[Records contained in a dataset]
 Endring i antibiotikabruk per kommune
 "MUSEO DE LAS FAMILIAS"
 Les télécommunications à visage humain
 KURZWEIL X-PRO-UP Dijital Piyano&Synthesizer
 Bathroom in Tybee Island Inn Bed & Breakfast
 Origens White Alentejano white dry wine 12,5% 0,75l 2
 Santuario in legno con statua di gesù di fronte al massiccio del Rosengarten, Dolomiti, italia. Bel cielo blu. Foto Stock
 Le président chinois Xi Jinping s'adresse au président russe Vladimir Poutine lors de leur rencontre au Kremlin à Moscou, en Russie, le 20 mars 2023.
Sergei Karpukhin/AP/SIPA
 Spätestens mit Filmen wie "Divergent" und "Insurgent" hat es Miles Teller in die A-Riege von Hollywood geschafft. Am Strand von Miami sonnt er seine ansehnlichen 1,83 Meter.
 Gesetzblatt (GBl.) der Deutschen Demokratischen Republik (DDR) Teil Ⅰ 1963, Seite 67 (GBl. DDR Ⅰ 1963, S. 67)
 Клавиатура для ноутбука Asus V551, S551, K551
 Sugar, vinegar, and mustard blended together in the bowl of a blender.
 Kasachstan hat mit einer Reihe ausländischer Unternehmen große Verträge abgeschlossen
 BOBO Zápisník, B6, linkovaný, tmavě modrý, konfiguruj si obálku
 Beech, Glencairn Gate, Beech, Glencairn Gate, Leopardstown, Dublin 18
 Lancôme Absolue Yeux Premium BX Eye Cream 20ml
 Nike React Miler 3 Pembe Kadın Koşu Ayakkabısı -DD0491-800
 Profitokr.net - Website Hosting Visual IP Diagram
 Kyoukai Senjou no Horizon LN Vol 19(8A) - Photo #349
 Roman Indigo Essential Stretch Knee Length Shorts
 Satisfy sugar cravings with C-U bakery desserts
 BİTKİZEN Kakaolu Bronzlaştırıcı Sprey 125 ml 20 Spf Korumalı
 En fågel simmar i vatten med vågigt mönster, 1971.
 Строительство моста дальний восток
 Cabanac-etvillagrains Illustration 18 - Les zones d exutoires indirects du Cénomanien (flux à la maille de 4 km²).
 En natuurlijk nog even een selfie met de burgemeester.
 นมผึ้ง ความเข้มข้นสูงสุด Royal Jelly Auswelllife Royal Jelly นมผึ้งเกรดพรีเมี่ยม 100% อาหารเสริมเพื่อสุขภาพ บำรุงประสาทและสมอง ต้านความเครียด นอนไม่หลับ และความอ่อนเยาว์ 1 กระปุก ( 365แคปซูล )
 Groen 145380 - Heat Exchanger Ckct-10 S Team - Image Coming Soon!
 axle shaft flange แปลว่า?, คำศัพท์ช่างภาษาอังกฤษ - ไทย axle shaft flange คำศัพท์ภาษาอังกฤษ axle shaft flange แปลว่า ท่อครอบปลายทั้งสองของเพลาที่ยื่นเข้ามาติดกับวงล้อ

Required work. Write out again only the lines from the one with "Sugar, vinegar, and" through the last line of the records above. Keep every word as it stands.

Output.
 Sugar, vinegar, and mustard blended together in the bowl of a blender.
 Kasachstan hat mit einer Reihe ausländischer Unternehmen große Verträge abgeschlossen
 BOBO Zápisník, B6, linkovaný, tmavě modrý, konfiguruj si obálku
 Beech, Glencairn Gate, Beech, Glencairn Gate, Leopardstown, Dublin 18
 Lancôme Absolue Yeux Premium BX Eye Cream 20ml
 Nike React Miler 3 Pembe Kadın Koşu Ayakkabısı -DD0491-800
 Profitokr.net - Website Hosting Visual IP Diagram
 Kyoukai Senjou no Horizon LN Vol 19(8A) - Photo #349
 Roman Indigo Essential Stretch Knee Length Shorts
 Satisfy sugar cravings with C-U bakery desserts
 BİTKİZEN Kakaolu Bronzlaştırıcı Sprey 125 ml 20 Spf Korumalı
 En fågel simmar i vatten med vågigt mönster, 1971.
 Строительство моста дальний восток
 Cabanac-etvillagrains Illustration 18 - Les zones d exutoires indirects du Cénomanien (flux à la maille de 4 km²).
 En natuurlijk nog even een selfie met de burgemeester.
 นมผึ้ง ความเข้มข้นสูงสุด Royal Jelly Auswelllife Royal Jelly นมผึ้งเกรดพรีเมี่ยม 100% อาหารเสริมเพื่อสุขภาพ บำรุงประสาทและสมอง ต้านความเครียด นอนไม่หลับ และความอ่อนเยาว์ 1 กระปุก ( 365แคปซูล )
 Groen 145380 - Heat Exchanger Ckct-10 S Team - Image Coming Soon!
 axle shaft flange แปลว่า?, คำศัพท์ช่างภาษาอังกฤษ - ไทย axle shaft flange คำศัพท์ภาษาอังกฤษ axle shaft flange แปลว่า ท่อครอบปลายทั้งสองของเพลาที่ยื่นเข้ามาติดกับวงล้อ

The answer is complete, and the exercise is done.